Would you write out the lines below exactly, from the one containing "Nike Air Force" to the very last, but without the pictures?
##### Stored data #####
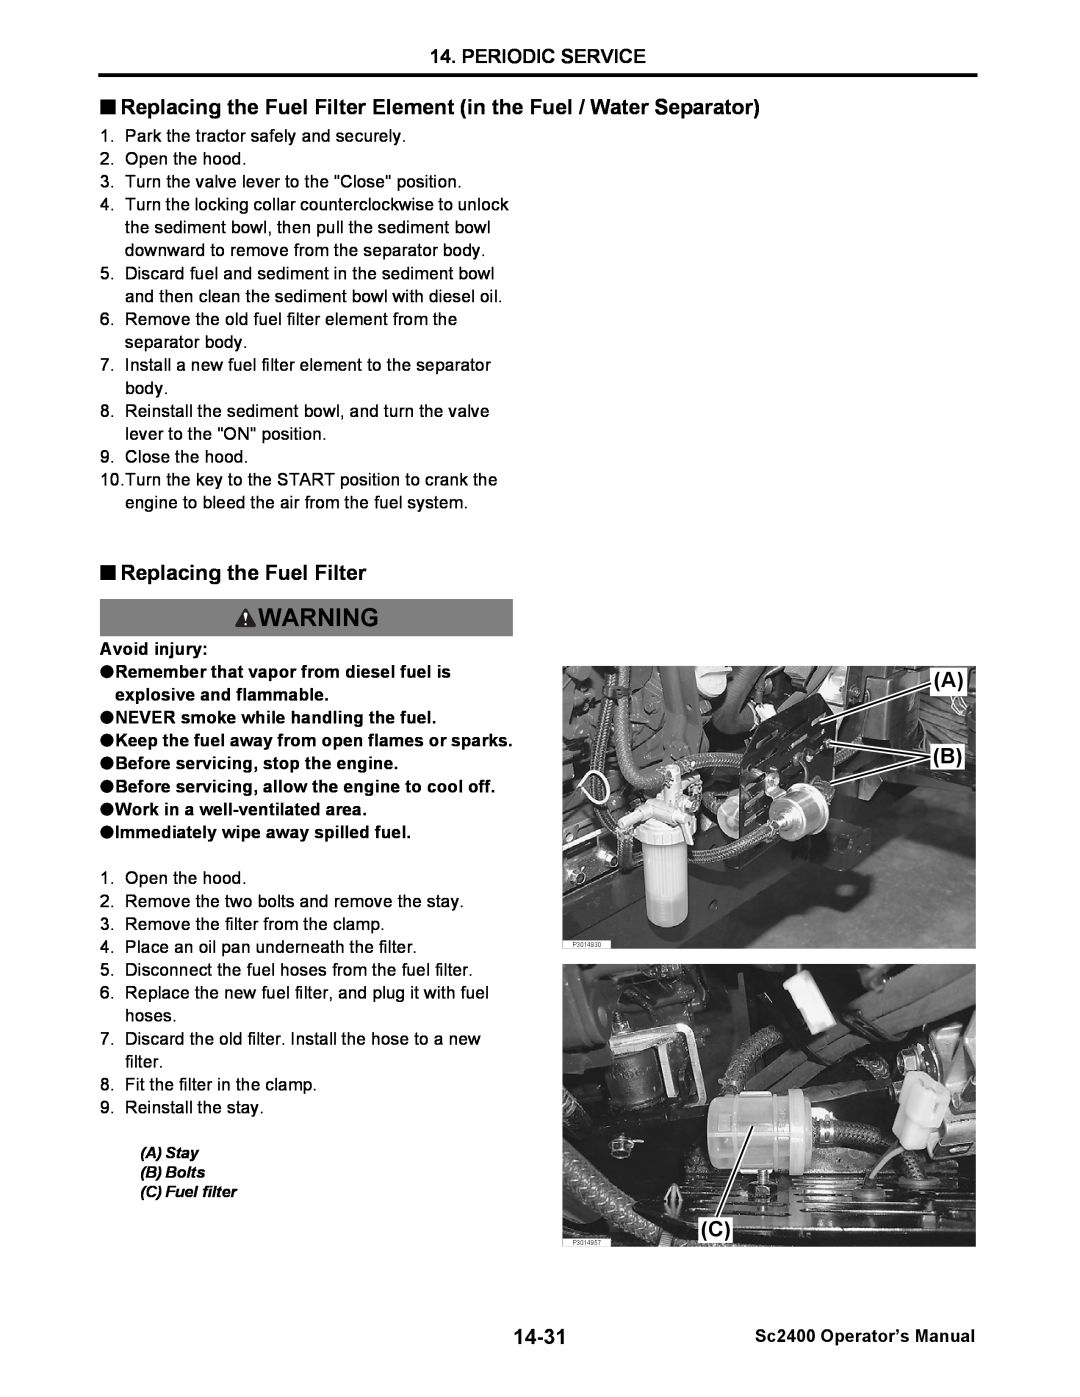 Cub Cadet SC2400 Periodic Service, 14-31, Avoid injury, NEVER smoke while handling the fuel, Sc2400 Operator’s Manual 
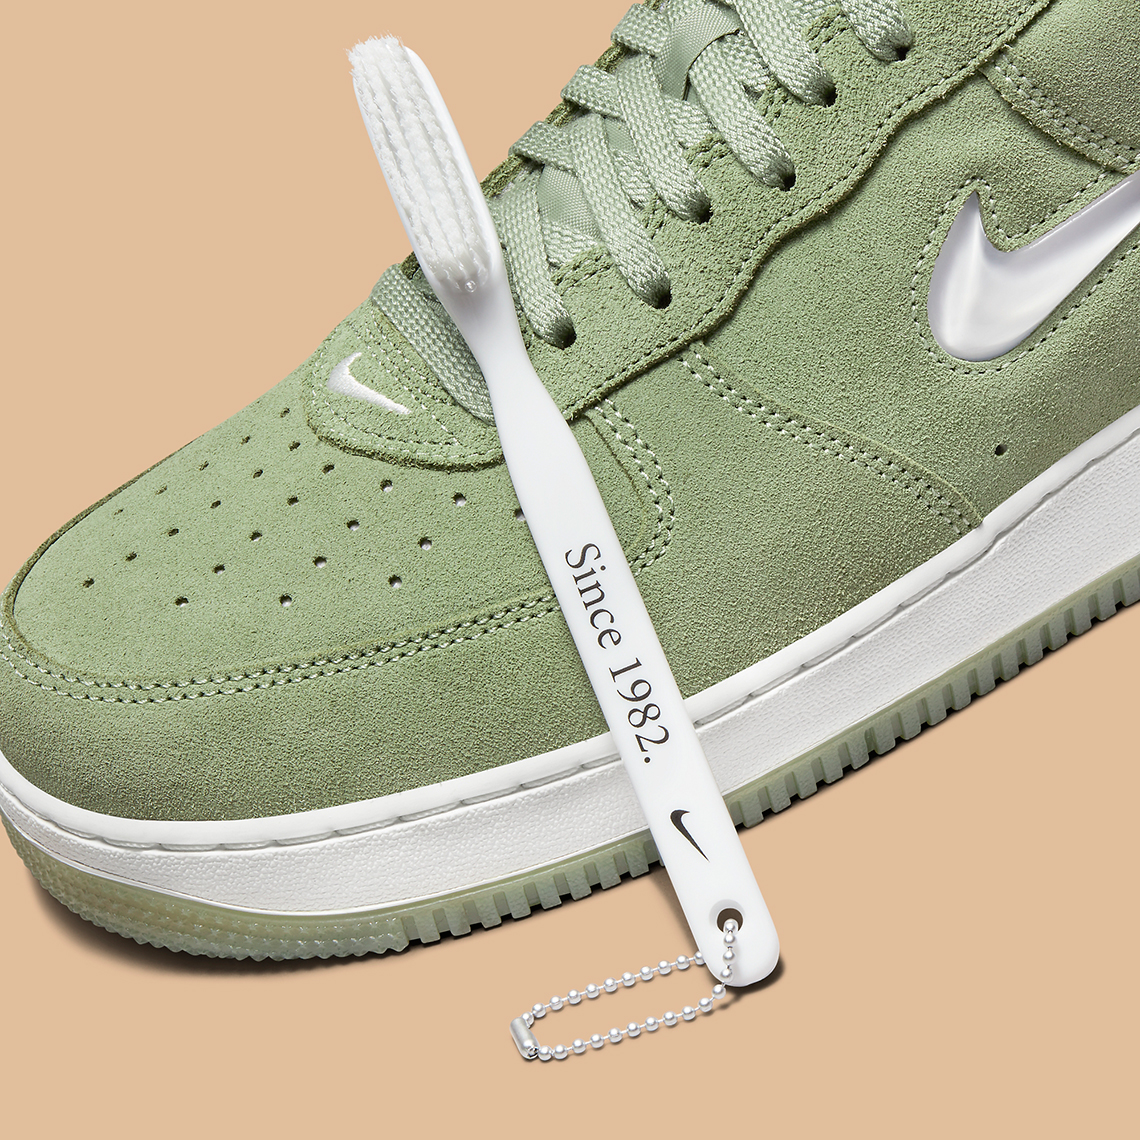 Nike Air Force 1 Low Green Suede Green DV0785-300
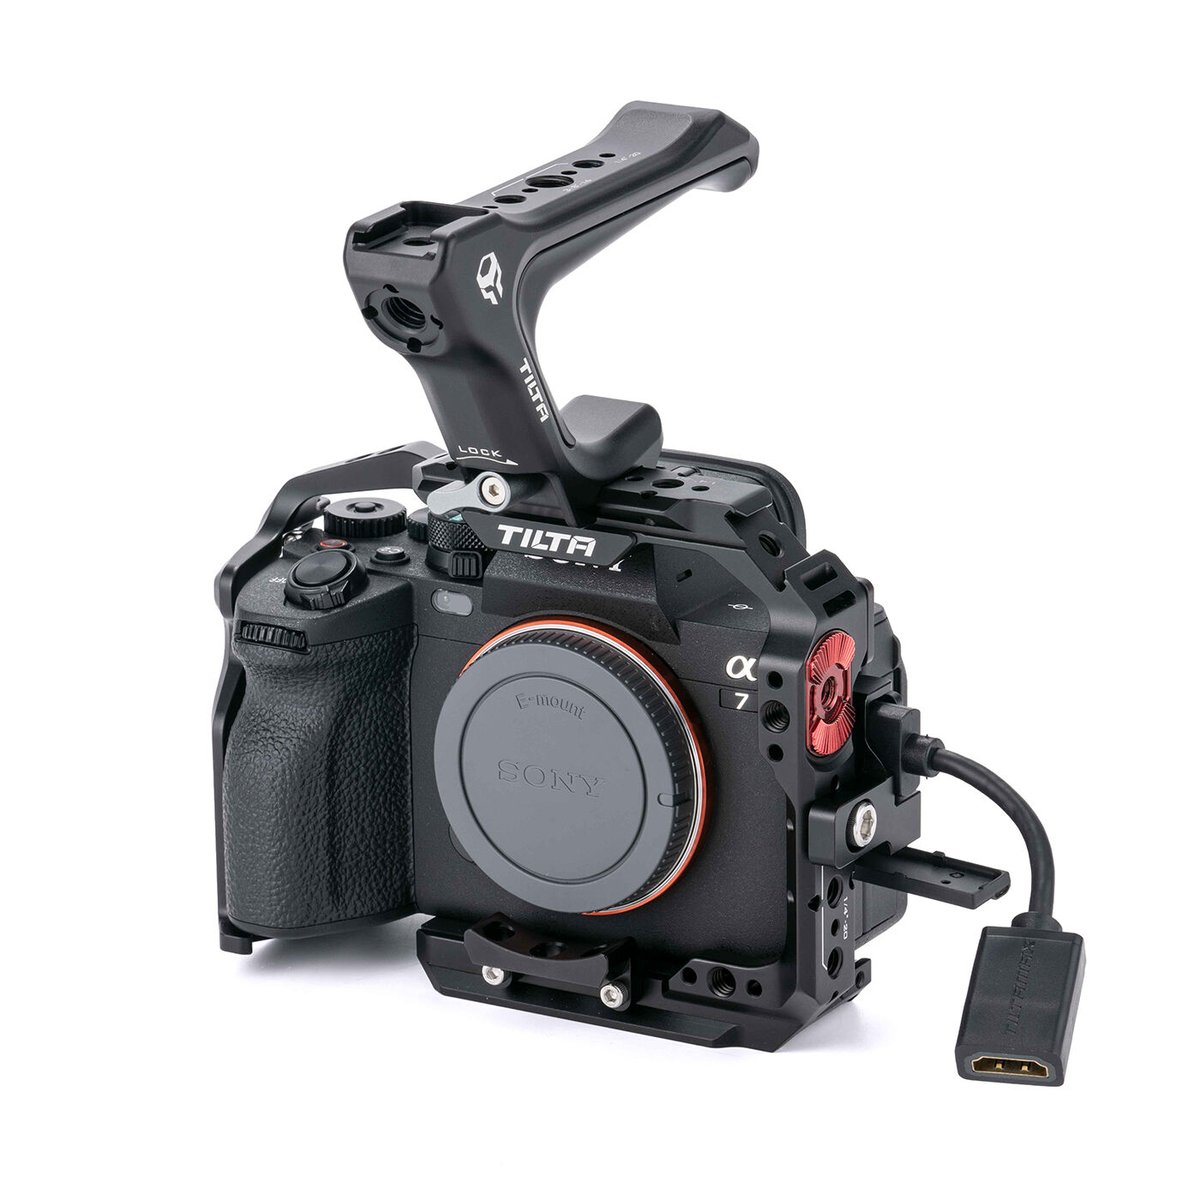 Camera Cage for Sony a7 IV Basic Kit - Black (T...
#####
### Response area
 Nike Air Force 1 Low Green Suede Green DV0785-300
 Camera Cage for Sony a7 IV Basic Kit - Black (T...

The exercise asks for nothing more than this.